Leave the Banks Alone
Leave the Banks Alone
Bhaskar Sunkara: Leave the Banks Alone
Part of me was heartened to read Sarah Leonard’s call for bank occupations. It feels like the paradigm of American politics has shifted over the past month and I’m glad to see the avowedly reformist young minds at Dissent radicalized a bit by the spirit. After spending my first years on the left struck by how depoliticized the milieus I engaged with were, I’m thrilled that people are now not only interested in talking about tactics and strategy, but are doing so with a sense of urgency. So it’s with equal vigor that I insist that Leonard’s call would be completely counterproductive.
She’s right on one major count. Everyone with any belief in social justice should get involved. The occupations represent a still inchoate anti-austerity movement that needs as many sharp and sane minds and bodies as possible. And talk to strangers when you’re down there too. They’re more articulate than the mainstream media would have you believe and they’re eager to discuss issues that affect their lives. This is how movements get politicized. Nobody emerges out of a decade plus of dormancy and latches onto a completely coherent worldview immediately.
More controversially, despite my oft-derided Old Left sensibilities, I think Leonard is also right about the lack of a unified set of demands being a good thing so far. Come December, I might start leafleting copies of my “minimal program” in Manhattan. For now the class struggle continues without it. By the very act of having a visible anti-corporate movement we’re regaining some footing to defend what’s left of the social safety net. Whether this can grow into something less defensive, capable of forcing real concessions out of the state, is another question.
My disagreement is tactical. A bank sit-in is a symbolic action and the movement to this point has been all about the symbolic. I can’t imagine a better image for the Right than hordes of largely privileged twenty-somethings sitting in banks with no demands and no substantive critique.
What the movement needs is more concrete actions in solidarity with unions and working communities. Prevent some foreclosures. Go join a picket or help with a union drive. Launch a series of sit-ins at Walmarts and Targets until they drop their hostility to collective bargaining. Or disrupt every Trader Joe’s and Whole Foods in the country until they decide to pay their growers a living wage.
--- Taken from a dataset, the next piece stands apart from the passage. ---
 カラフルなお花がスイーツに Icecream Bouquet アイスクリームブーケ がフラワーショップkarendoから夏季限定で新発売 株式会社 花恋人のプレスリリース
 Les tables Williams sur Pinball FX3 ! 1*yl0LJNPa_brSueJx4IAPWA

On the whole, these suggestive actions sound petty and none too dramatic. But despite the broad resonance the anti-corporate message has among the American people, the lingering perception that occupiers are insipid kids throwing a temper tantrum would be completely invalidated by mobilizations like these. We need less spectacle and more truly threatening actions. And not just action. Let’s not forget that the great slogan of the Left implored young radicals to “educate, agitate, and organize” their peers, not “agitate, agitate, and then agitate some more.” If “community outreach” seems like something good in theory, but impossible to act out in practice, it just means that the (dis)organizational forms currently being practiced at Liberty Plaza and elsewhere need to be combated.
Yes, I’m down with occupying everything and I really need to vamp up my youthful radical credentials before I write that “God That Failed” memoir, but bank branches are pretty low on my list of targets. If anything the single-minded obsession with “finance capital” in the Occupy movement seems a bit off to me. I’d sooner respect some of those greasy Wall Street types than a General Motors plant manager. Merged with the localism of some of the occupiers I spoke to this weekend, one ends up with a creepily reactionary vision of the future. A return to the land and to “real capital” doesn’t sound like emancipation to me.
Leonard not only has the sophistication to understand these points, she alludes to the “caveats” of others directly in her piece, before copping out and dismissing them as arguments that “may be well beside the point.” But I can’t think of a more relevant point. The Left is thirsty for ideas. The atmosphere at an event hosted by Jacobin on Friday is testament to this fact?even the older panelists like Left Business Observer editor Doug Henwood called it the most contentious debate (“discussion” seems too tame a word) he’d ever witnessed, much less took part in. It seemed like a scene from another era. And despite the craziness of some of the Left—I had to duck a neo-Malthusian or two—I mean that in a good way. It looked like a scene from a political era. And in eras like these we have to argue over politics. These disputes have real repercussions. So all I’m saying is let me deposit my tiny, tiny paycheck in peace. It’s the 17th and I’m a couple days late on my rent. Help me figure out how to put some pressure on my landlord instead.